Data shown —
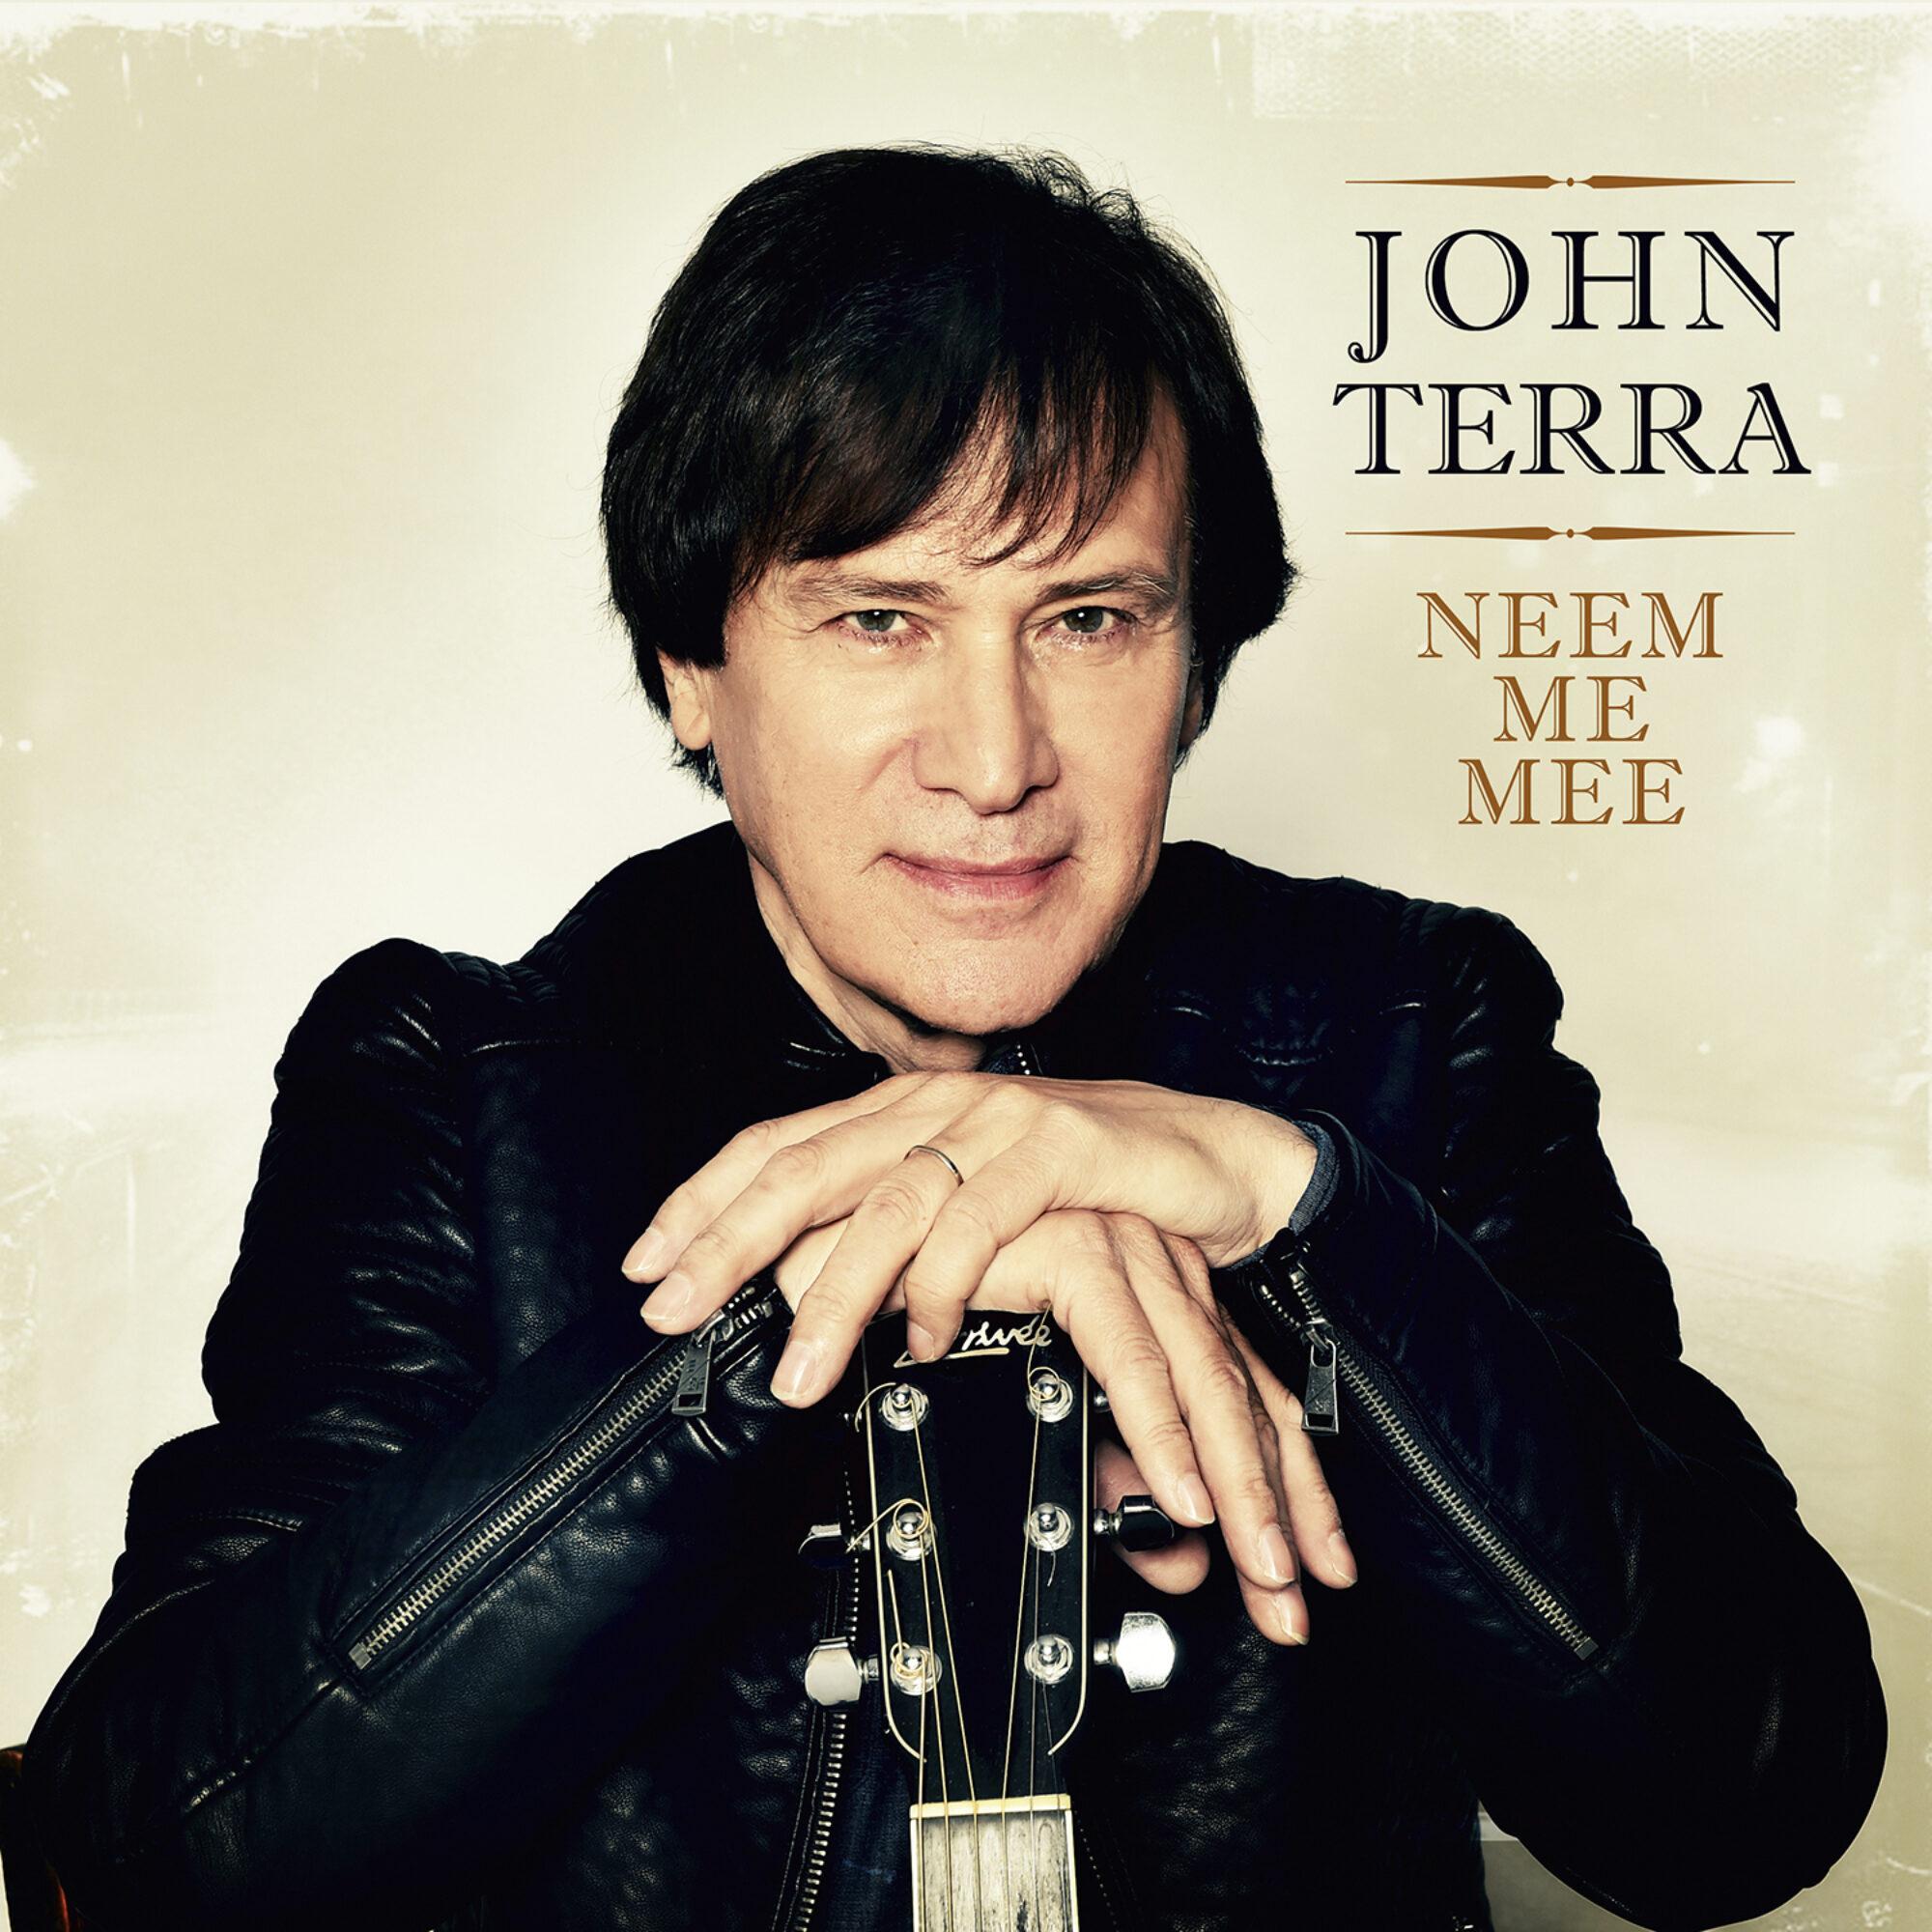 John Terra Neem Me Mee
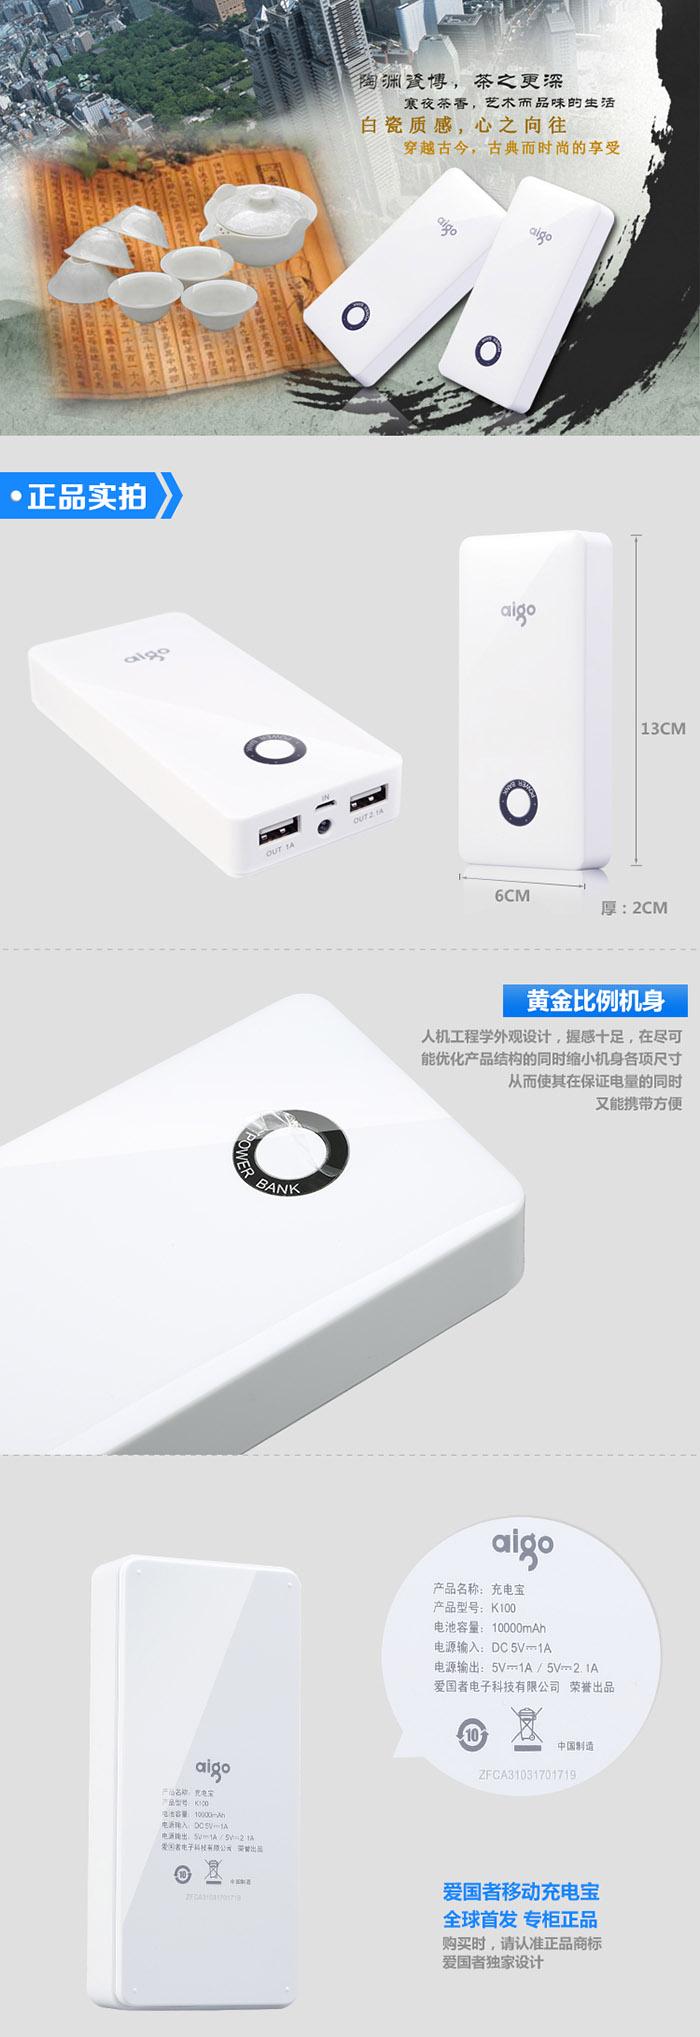 ramos蓝魔 i9白色 英特尔芯片平板电脑 aigo爱国者 k100白色 充电宝 j
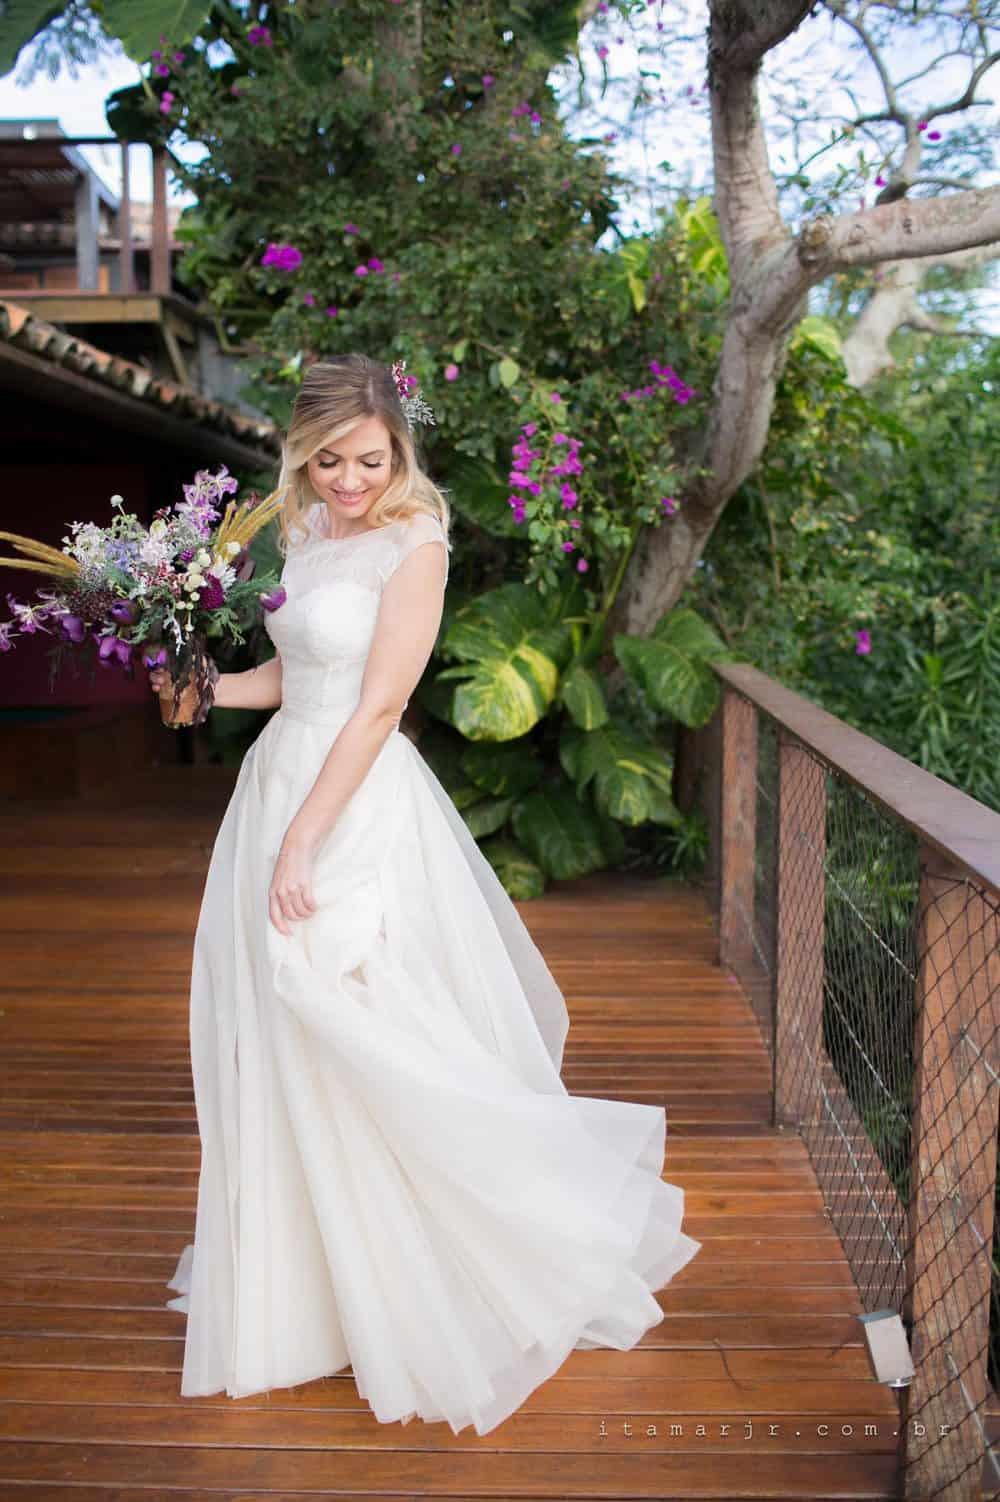 Casamento-Real-Natalia-e-Phelipe-vestido-de-noiva-2
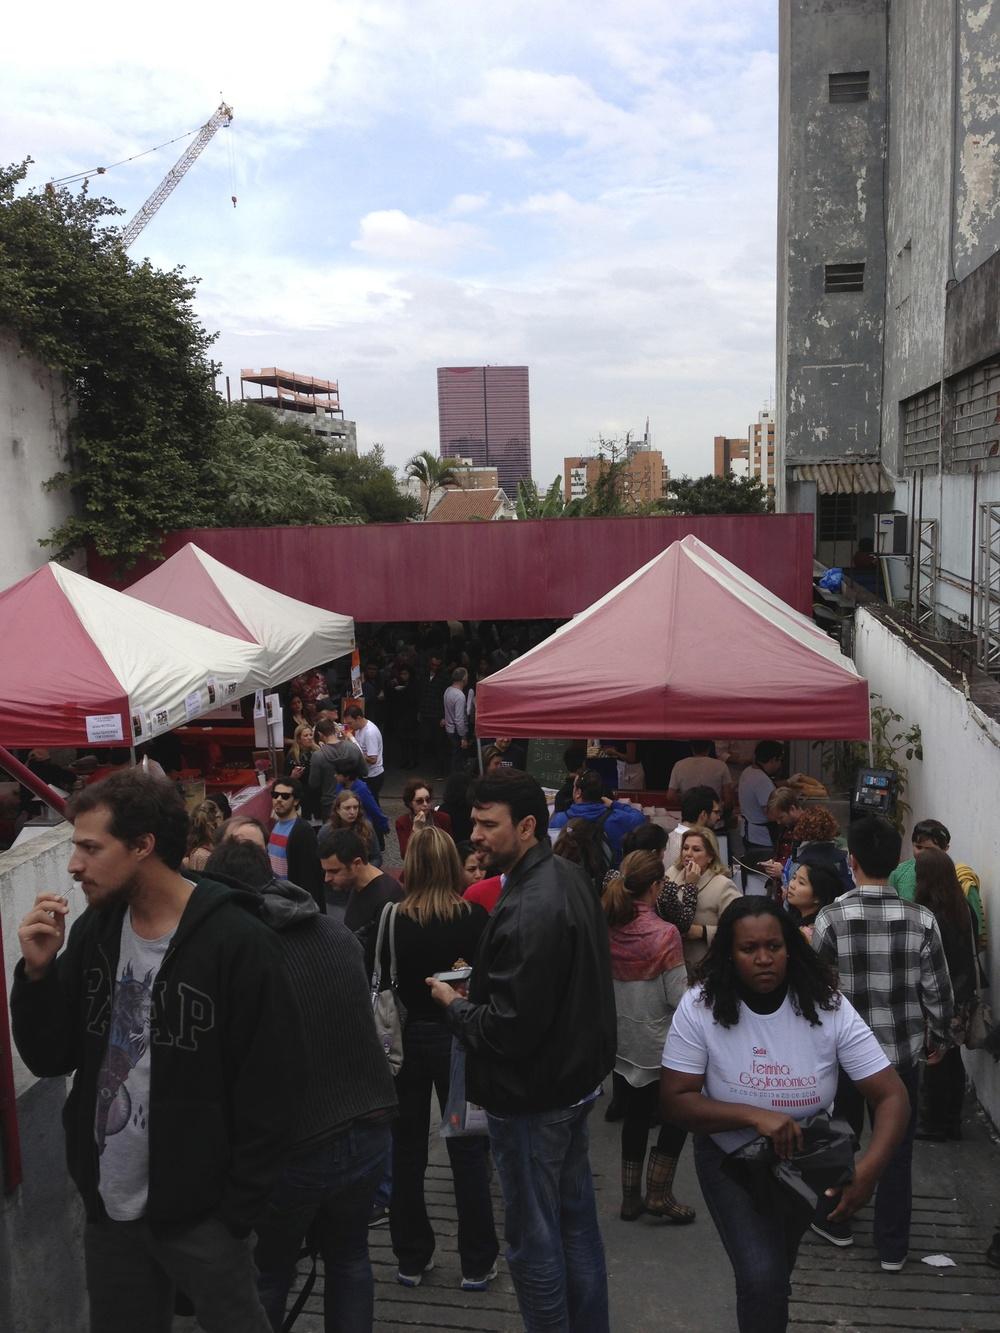 Sao Paulo's Street Food Festival

What you have to do — Output each line above exactly as it stands, omitting the pictures.

Response to the task —
 John Terra Neem Me Mee
 ramos蓝魔 i9白色 英特尔芯片平板电脑 aigo爱国者 k100白色 充电宝 j
 Casamento-Real-Natalia-e-Phelipe-vestido-de-noiva-2
 Sao Paulo's Street Food Festival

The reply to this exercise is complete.